WHAT YOU HAVE TO DO
The answer is the first line of the listing and every line after it through the one containing "Hamilton Beach 840115900", exact, with pictures removed.
[Opening DATA EXCERPT section]
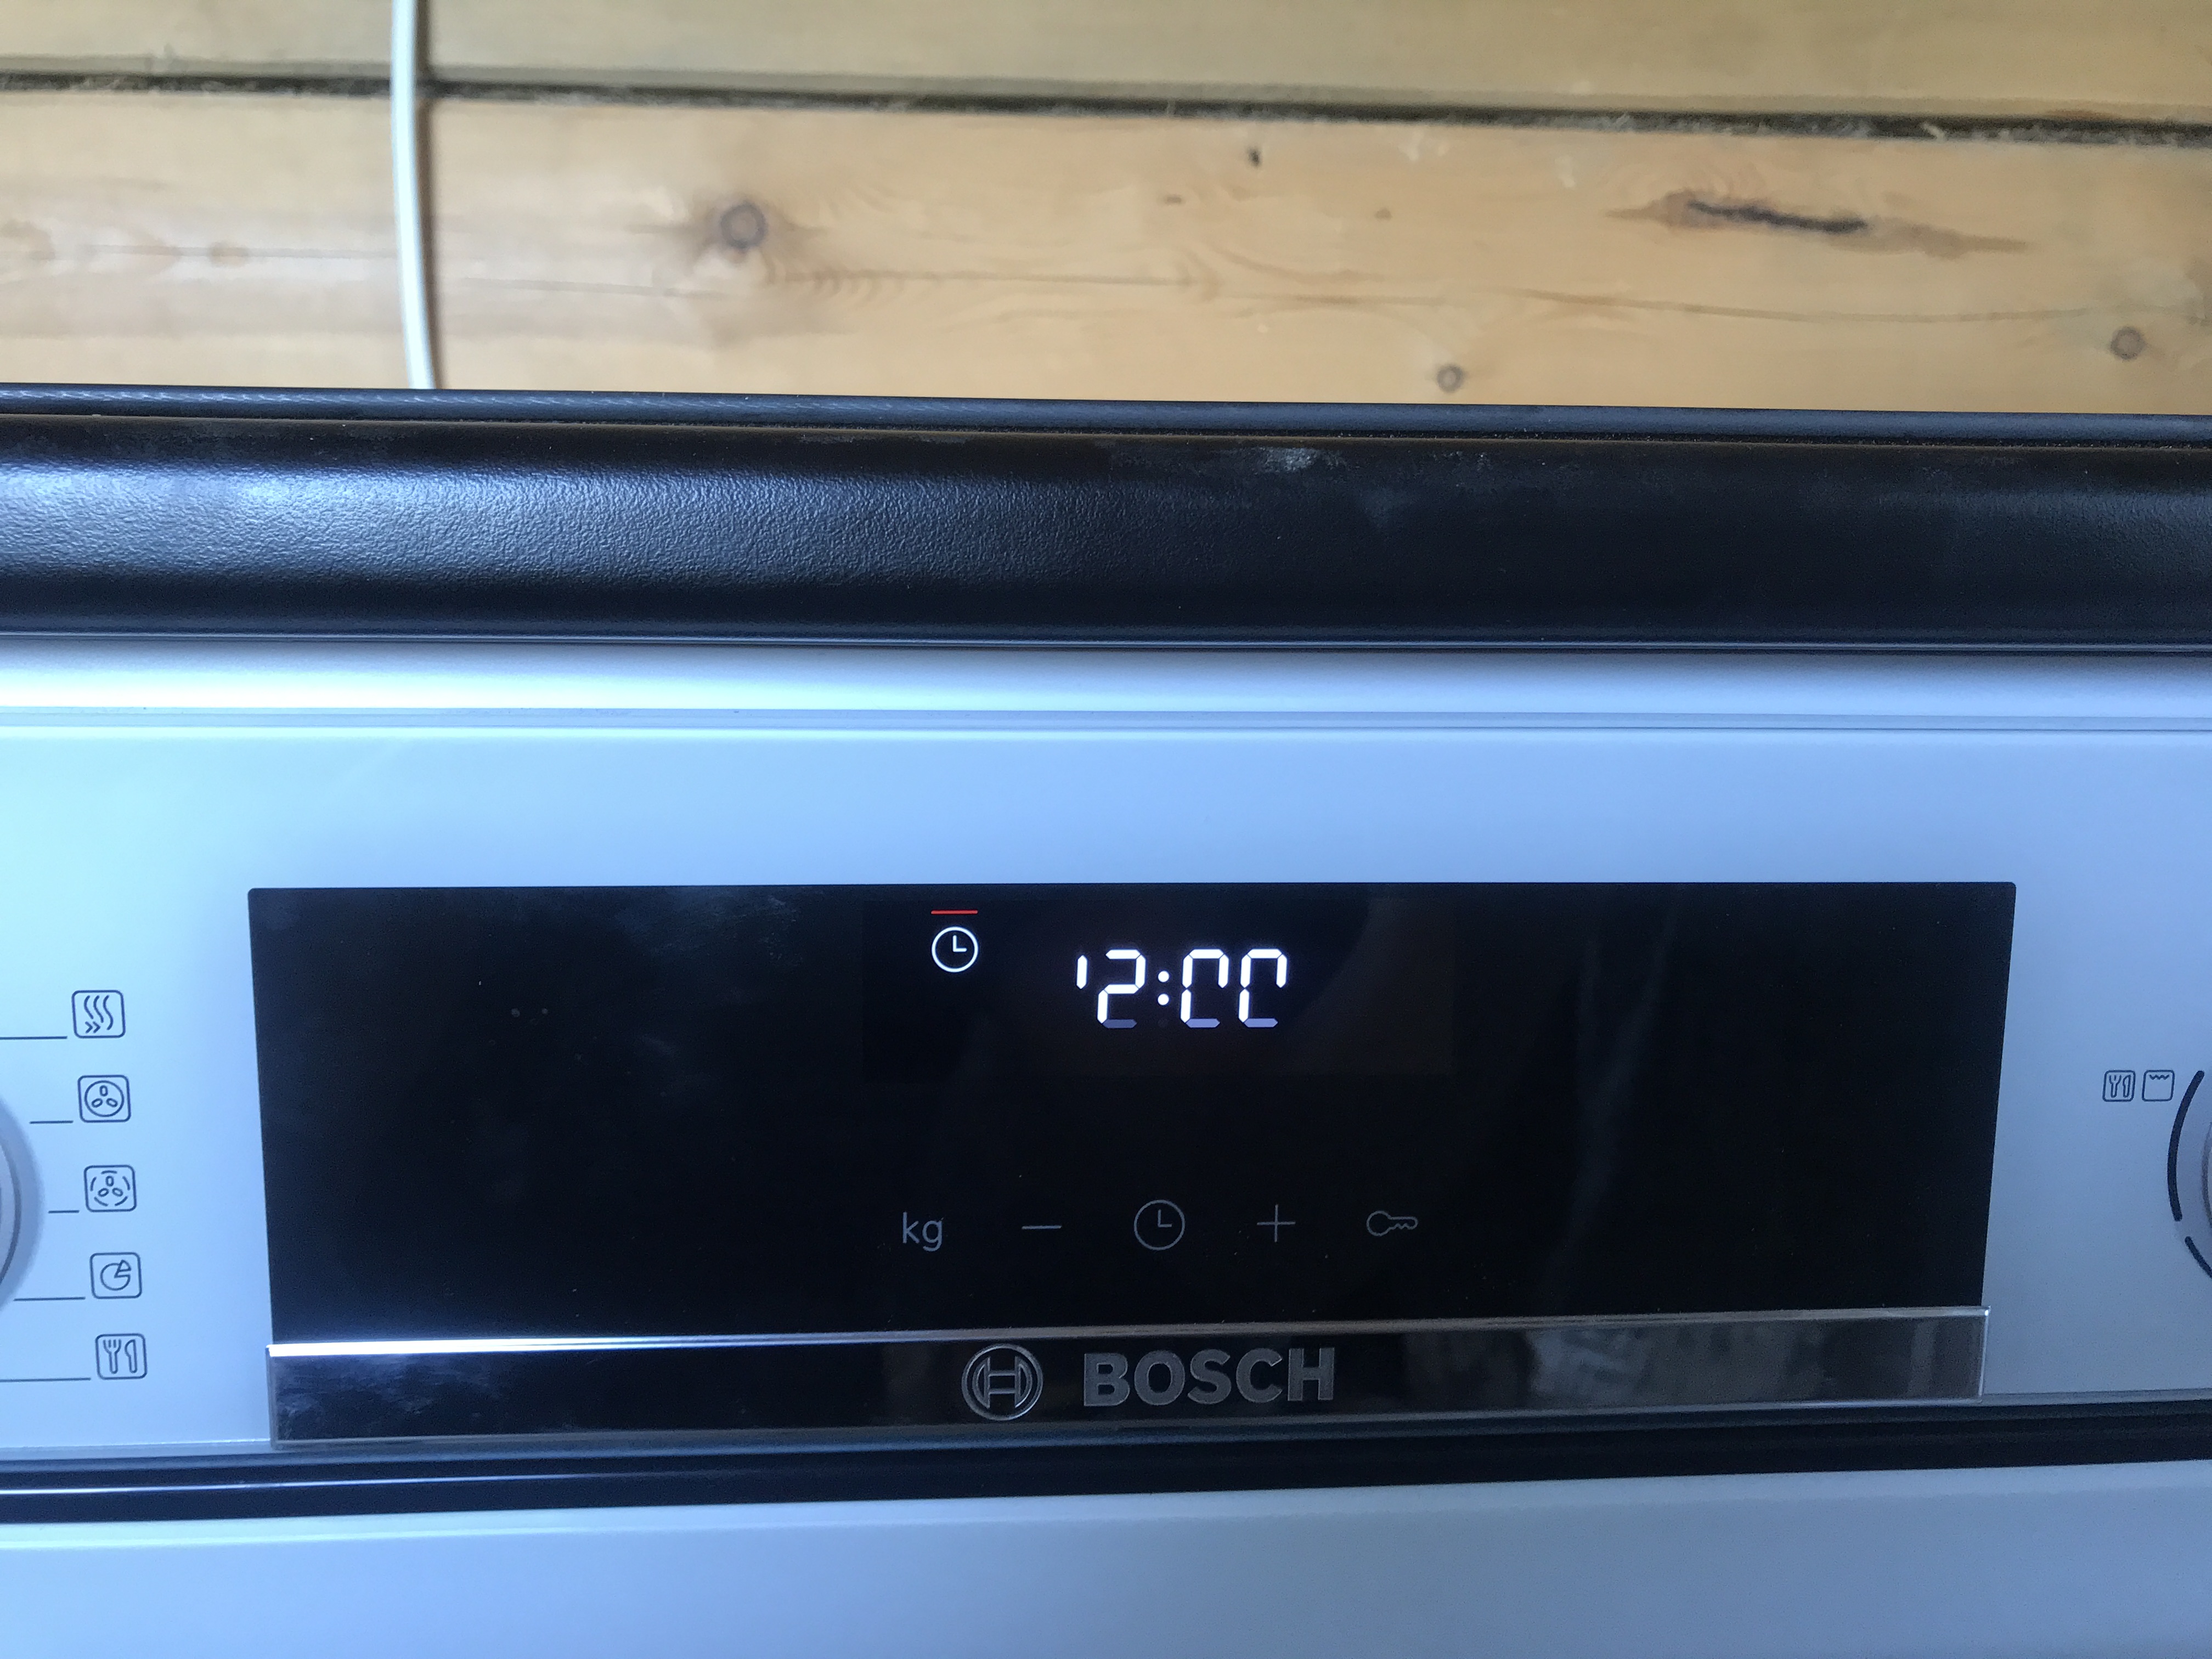 Часы духовка бош. Микроволновка бош цифры на дисплее. Духовой шкаф Bosch с 2 дисплеями. Дисплей управления духовки. Духовка бош с дисплеем.
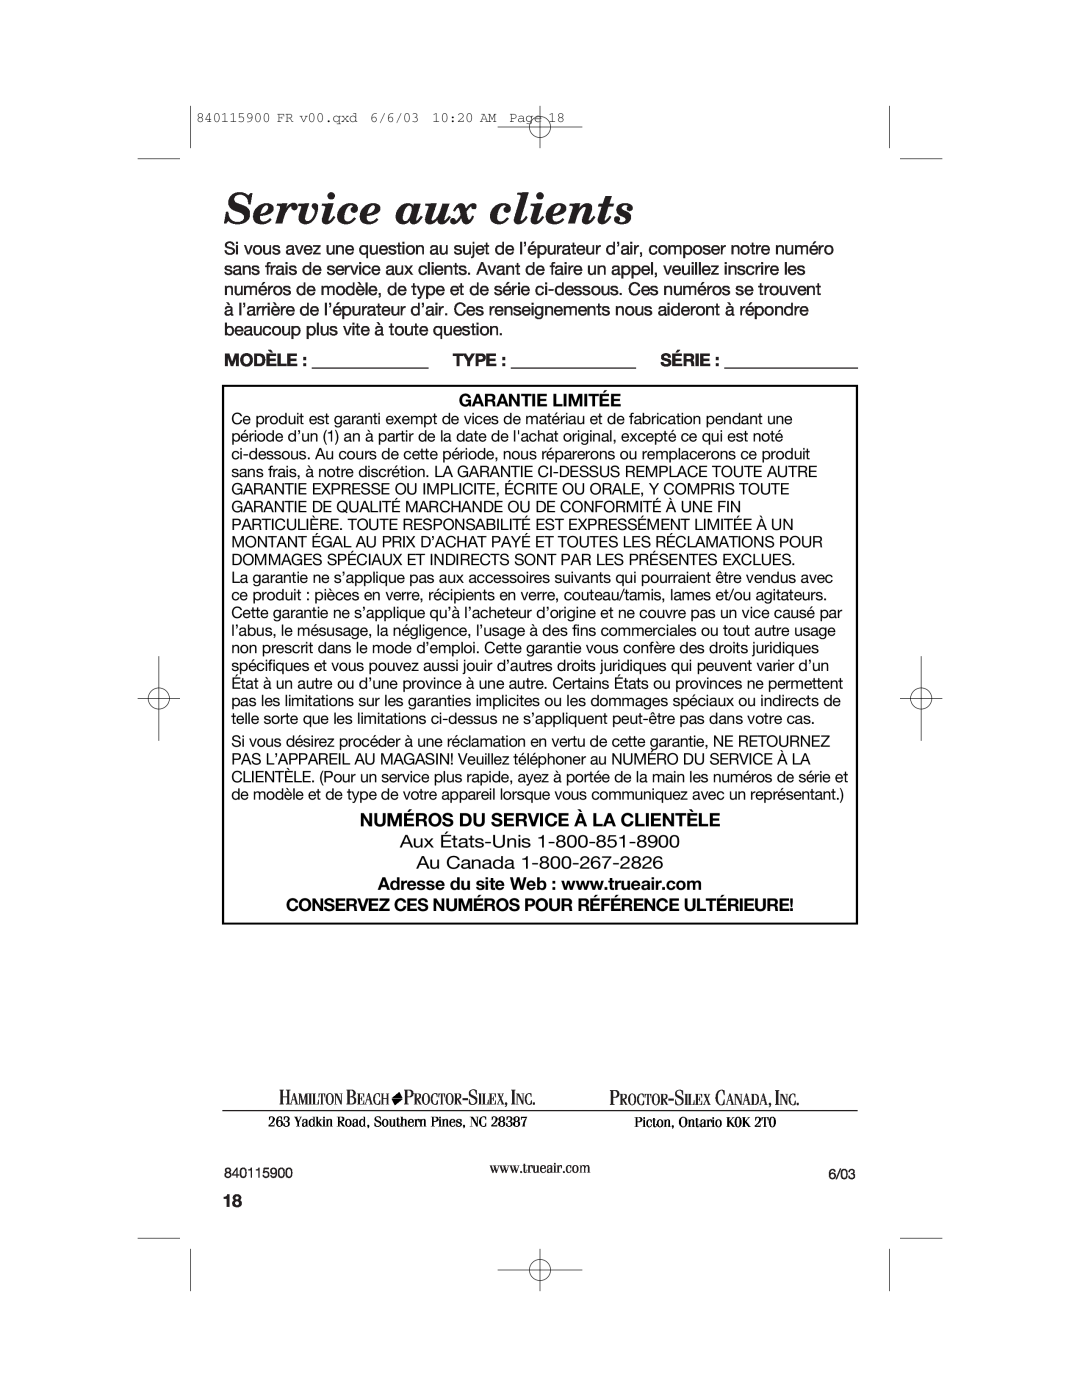 Hamilton Beach 840115900 manual Service aux clients, Numéros Du Service À La Clientèle 
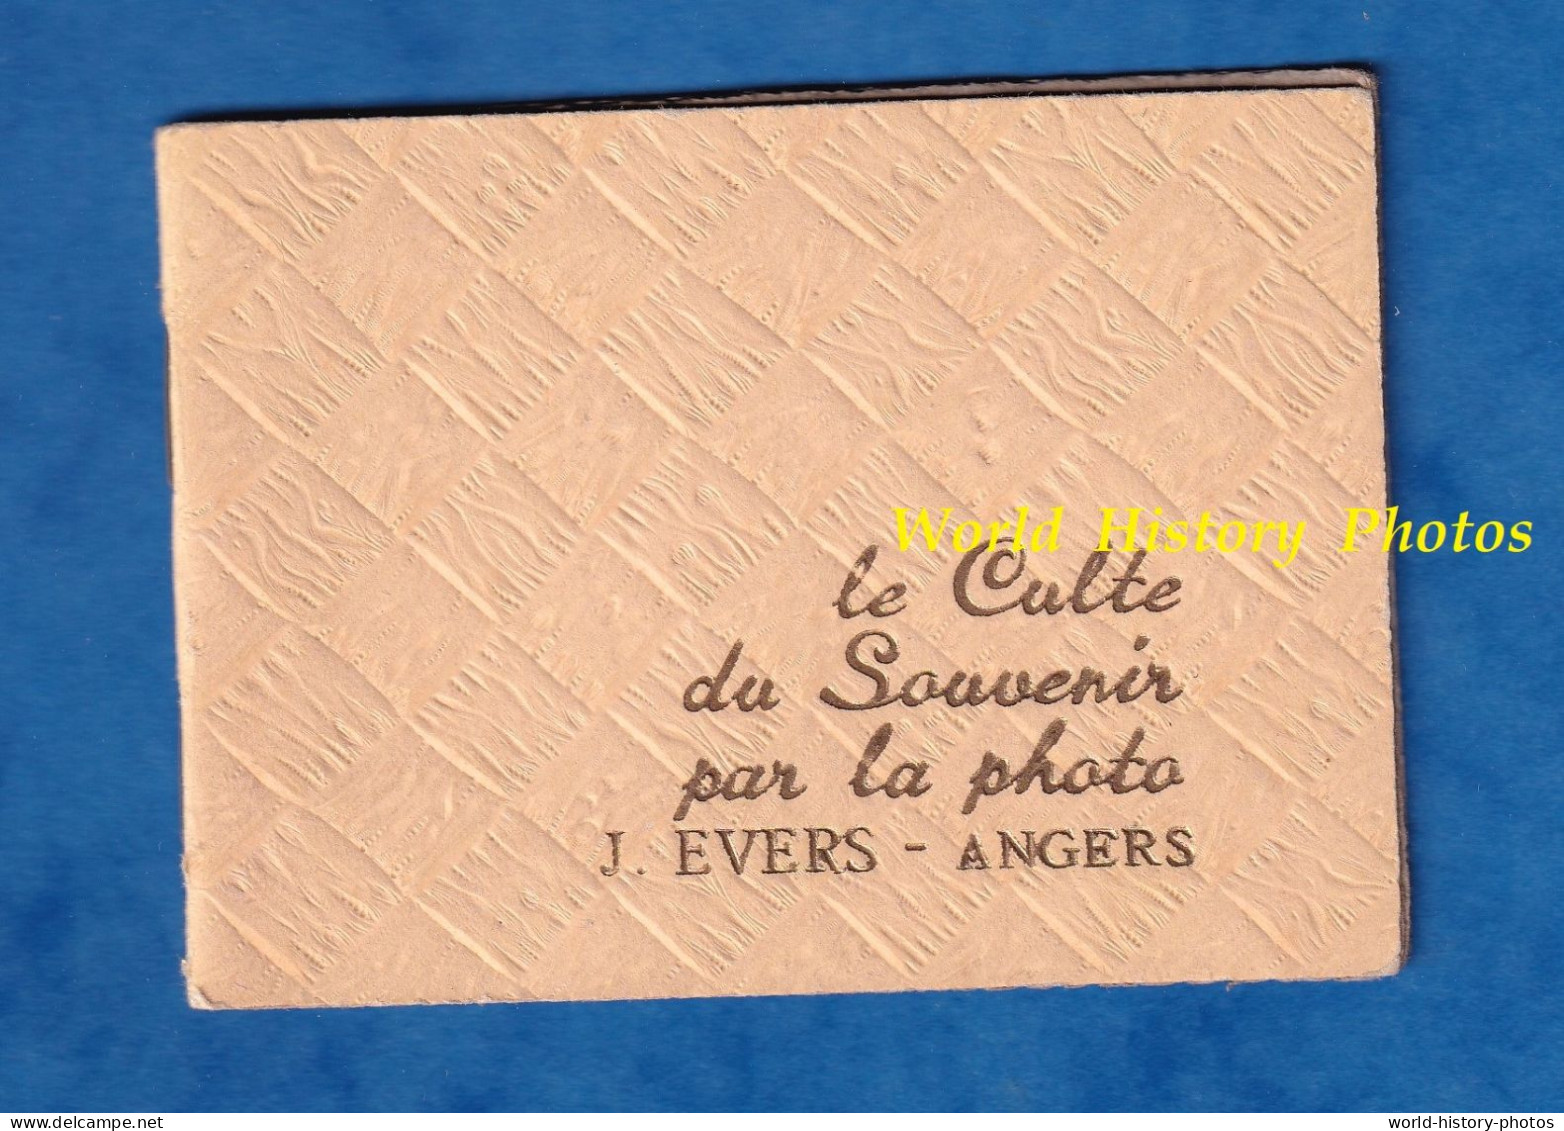 Petit Album Publicitaire Pour Photo - ANGERS - J. EVERS Photographe - Vers 1935 1950 - Le Culte Du Souvenir Par La - Supplies And Equipment
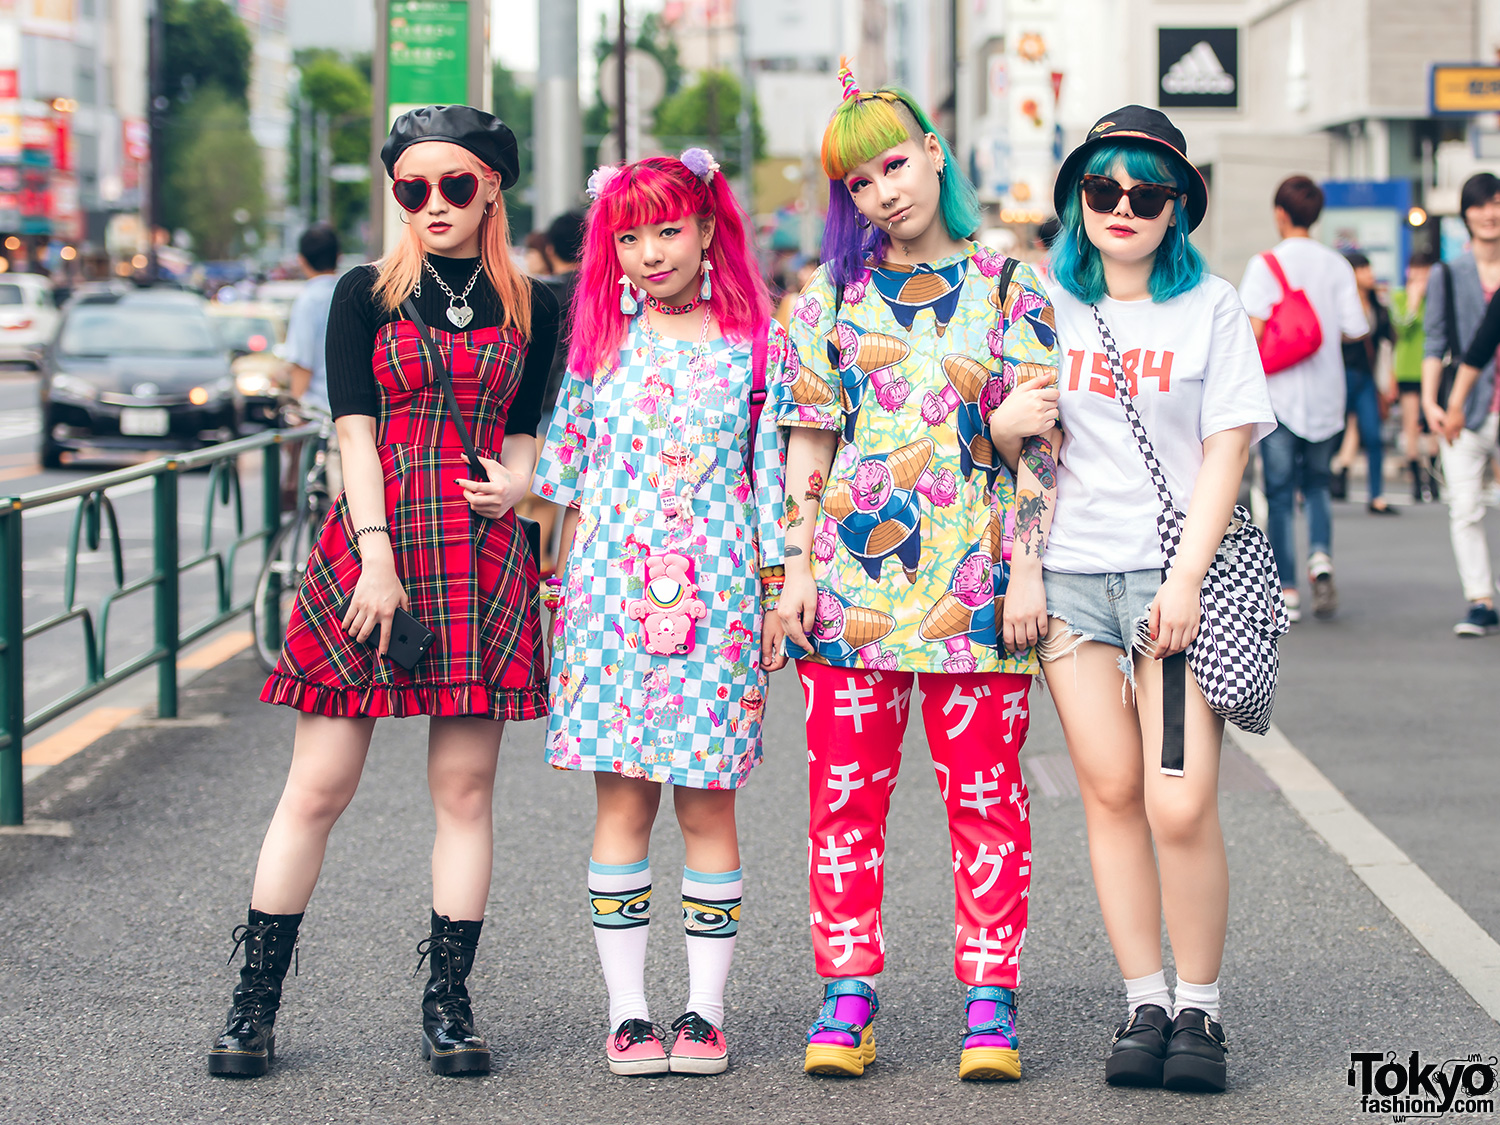 Colorful Hair & Fashion in Harajuku w/ Sagi Dolls, Vivienne Westwood, Powerpuff Girls, Galaxxxy, Gosha Rubchinskiy, Tokyo Bopper & Gucci
[Closing DATA EXCERPT section]
EXERCISE SOLUTION
 Часы духовка бош. Микроволновка бош цифры на дисплее. Духовой шкаф Bosch с 2 дисплеями. Дисплей управления духовки. Духовка бош с дисплеем.
 Hamilton Beach 840115900 manual Service aux clients, Numéros Du Service À La Clientèle 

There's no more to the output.